* **TO DO**
Restate the listing below word for word; no pictures belong in the copy.

* **SOURCE MATERIAL**
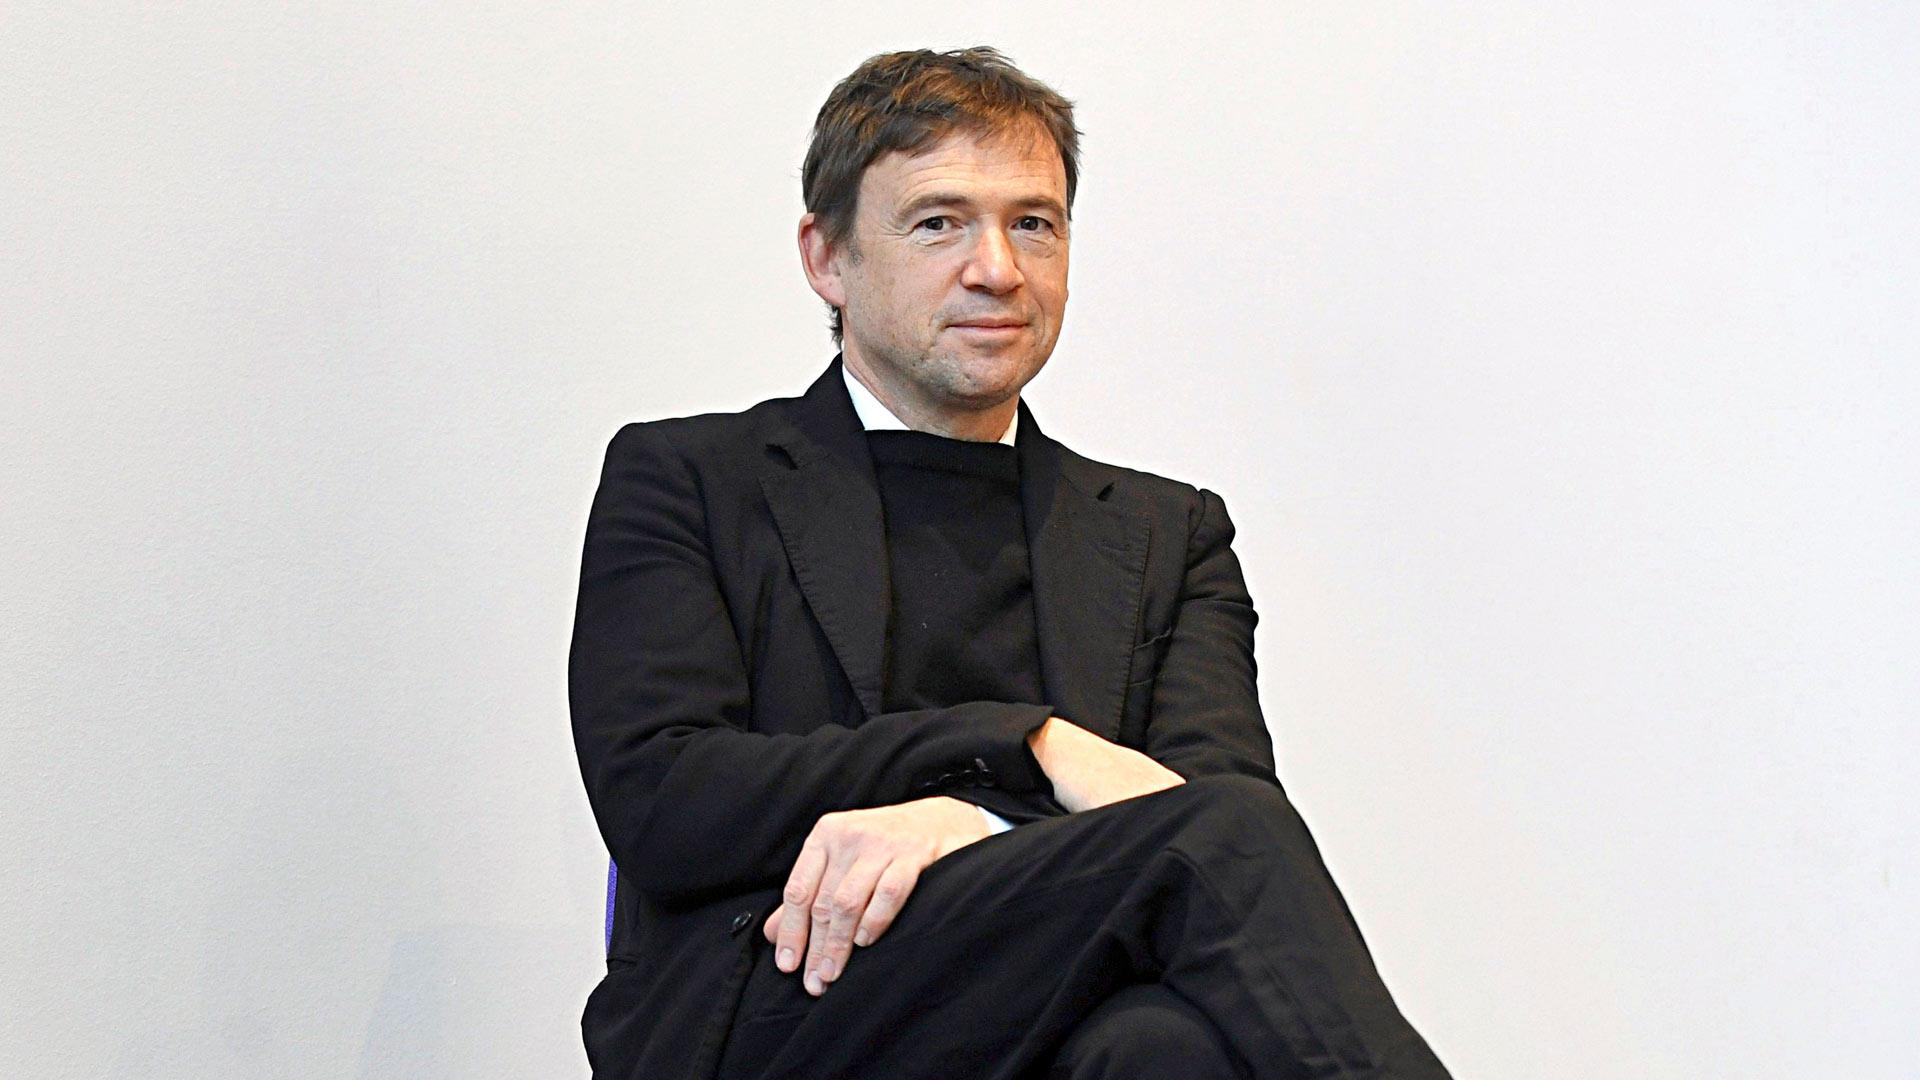 David Nicholls on käsikirjoittanut TV-sarjoja, muun muassa Rimakauhua ja Rakkautta.
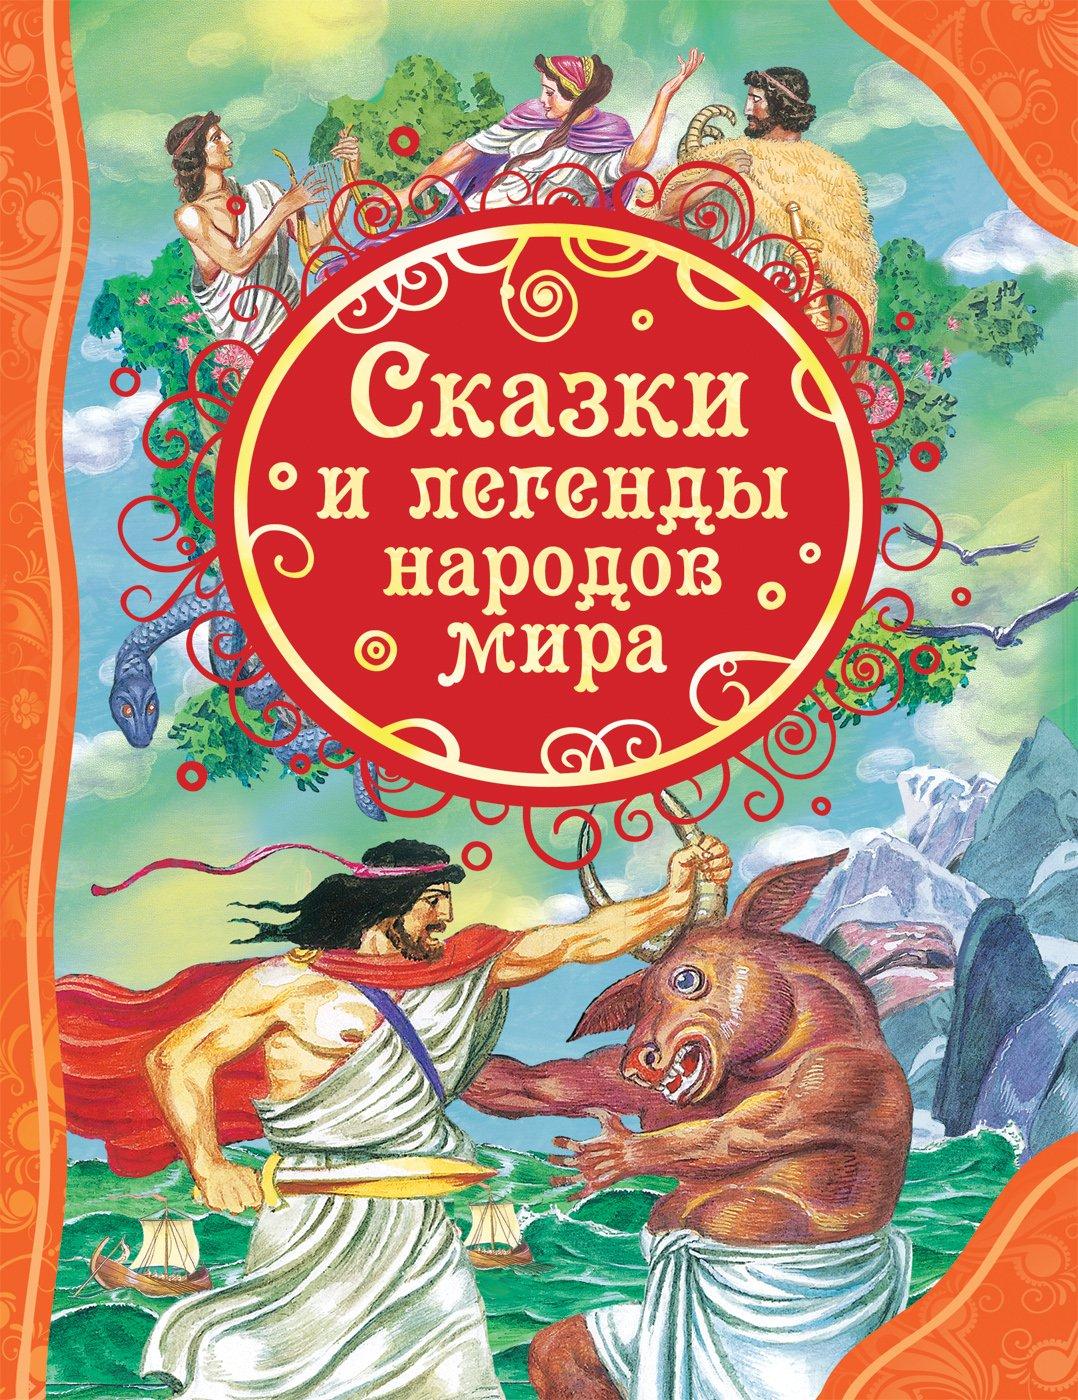 Мельниченко М. Сказки и легенды народов мира (ВЛС)
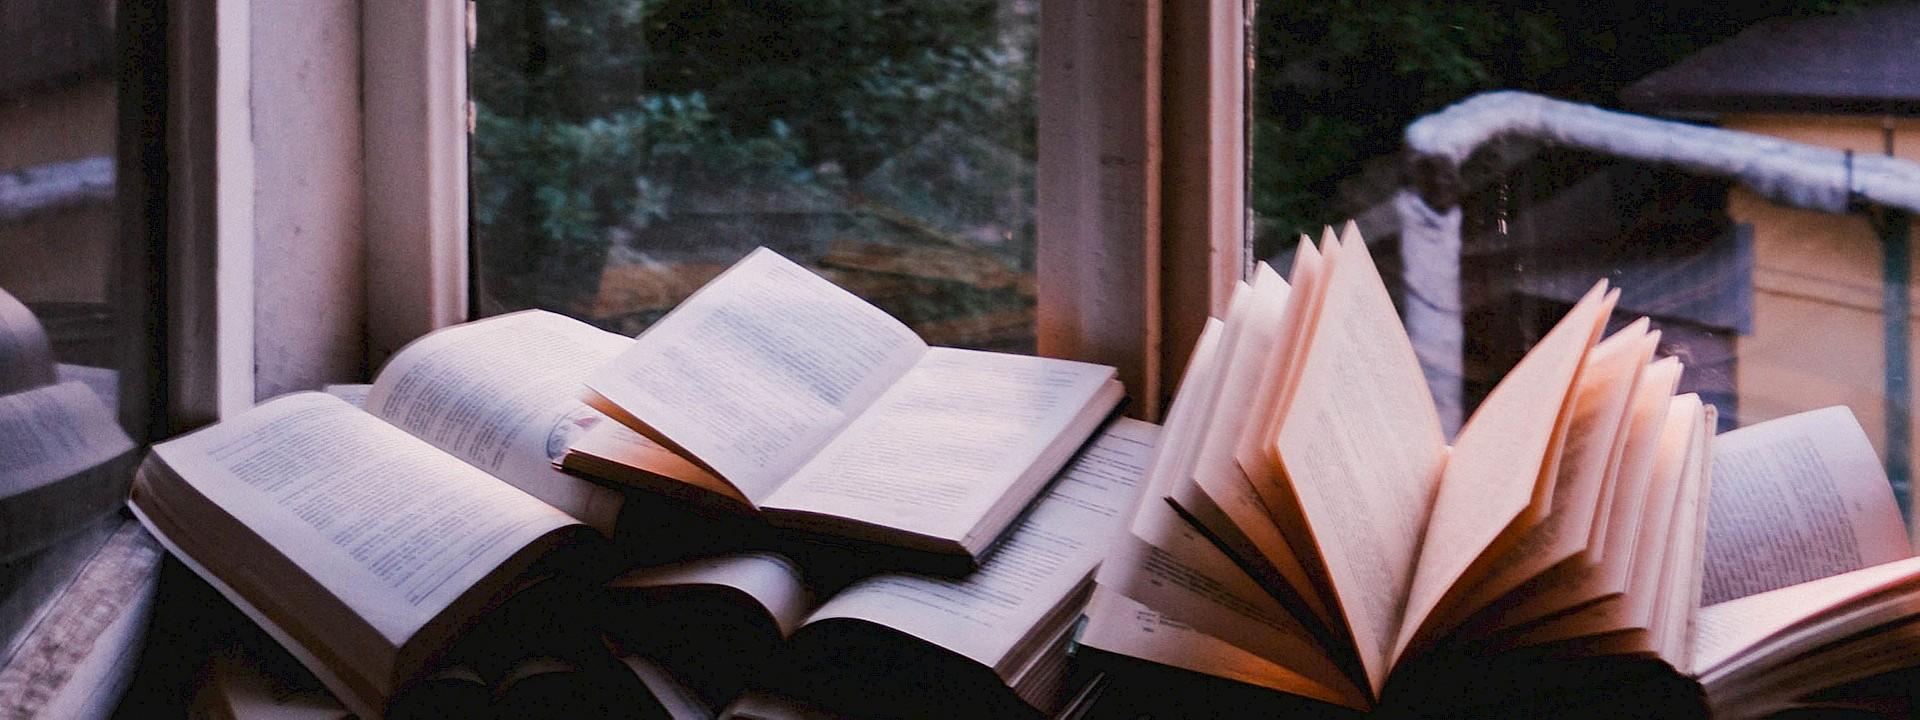 Filme und Bücher

* **SOLUTION TO THIS TASK**
 David Nicholls on käsikirjoittanut TV-sarjoja, muun muassa Rimakauhua ja Rakkautta.
 Мельниченко М. Сказки и легенды народов мира (ВЛС)
 Filme und Bücher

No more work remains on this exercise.